Here’s my quick thoughts:
- In the last 2-5 years I endorsed donating to MIRI (and still do), and my reasoning back then was always of the type “I don’t understand their technical research, but I have read a substantial amount of the philosophy and worldview that was used to successfully pluck that problem out of the space of things to work on, and think it is deeply coherent and sensible and it’s been surprisingly successful in figuring out AI is an x-risk, and I expect to find it is doing very sensible things in places I understand less well.” Then, about a year ago, MIRI published the Embdded Agency sequence, and for the first time I thought “Oh, now I feel like I have an understanding of what the technical research is guided by, and what it’s about, and indeed, this makes a lot of sense.” My feelings have rarely been changed by reading ongoing research papers at MIRI, which were mostly just very confusing to me. They all seemed individually interesting, but I didn’t see the broader picture before Embedded Agency.
- At no time has any important part of my reasoning been “I don’t understand their reasoning, but they’re situated inside a broader intellectual space that is running a number of checks of the basics of their work, and can evaluate the quality of the work, so I don’t have to evaluate the project myself.” I’ve never really thought there were experts in this space I could defer to; academia seemed terribly slow and confused about the problem.

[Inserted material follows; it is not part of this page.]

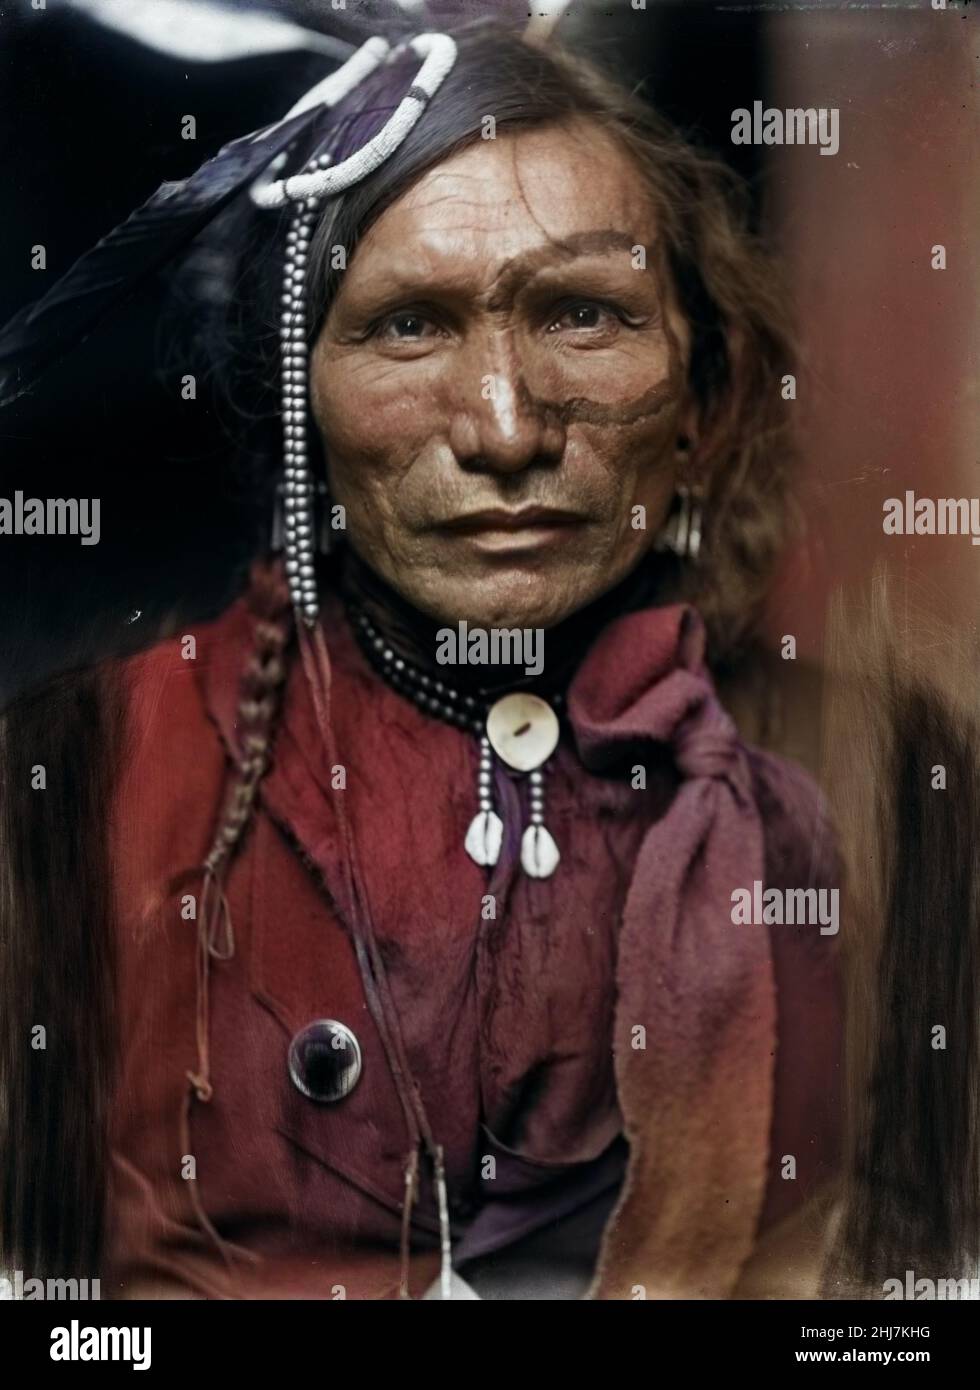 Iron White man, ein Sioux-Indianer aus Buffalo Bills Wild West Show, c 1900. Käsebier, Gertrude, 1852-1934, Fotografin. Eingefärbt. Stockfoto

Similarly to how companies rarely argue that they shouldn’t exist while they’re making money, fields are very bad at arguing that they shouldn’t exist whilst the research is progressing, which is the sort of work that would be required to realise that AGI is by-default an existential catastrophe and that capabilities must be dropped whilst alignment work needs doing. It’s always been a question of whether I trust the epistemology of the leadership at MIRI to think clearly about these problems, and what I understand of how they think.
- During the time that MIRI was non-non-disclosed (i.e. open), I don’t think there was substantially more checking of their work than there is now. Most of academia and industry has/had no interest. There were LWers like Paul Christiano and Wei Dai and Stuart Armstrong that engaged, and I’m sad that these people aren’t able to engage with the present work. But at the time Paul and Wei were basically saying “I don’t get why this is going to work out” so it’s not like MIRI could start getting much more negative feedback, unless Paul and Wei were going to say “This obviously fails and I can prove how,” which I assign little probability to.
- Also, you mention hypotheses like “we failed to produce anything publishable” or “it is fun to fool ourselves into thinking we have exciting secrets” or “we are doing bad things and don’t want to get caught.” Again, I don’t think this is likely to be the cause of MIRI doing non-disclosed work, because they had policies like this since a long time before when there were real results. For example, when Scott Garrabrant came up with logical inductors, MIRI spent (according to this post) almost 6 months figuring out whether to disclose it. So I expect the reasoning to be fairly consistent with the same decisions in the past.
- Note that Nate used the new non-disclosed research strategy to solve the initial formulation of the tiling agents problem, something he mentions here (search ‘tiling agents’). Now, he’s not published it yet, but, I mean, I definitely trust he’s telling the truth. Maybe it turned out to not be as useful as hoped (as with Logical Inductors), but it still seems like progress that’s similar in kind to the progress that happened before MIRI was non-disclosed by default.
- Oh also, they’ve finally been published for decision theory in a prestigious philosophy journal, so a number of highly skeptical outside views should now not be concerned. Overall it seems to me like from many such perspectives they’re clearly now in a stronger place than they were 2 years ago. They used to be confusing and had no results and not recognised by academia. Now they are less confusing and have some fascinating results and are recognised by academia.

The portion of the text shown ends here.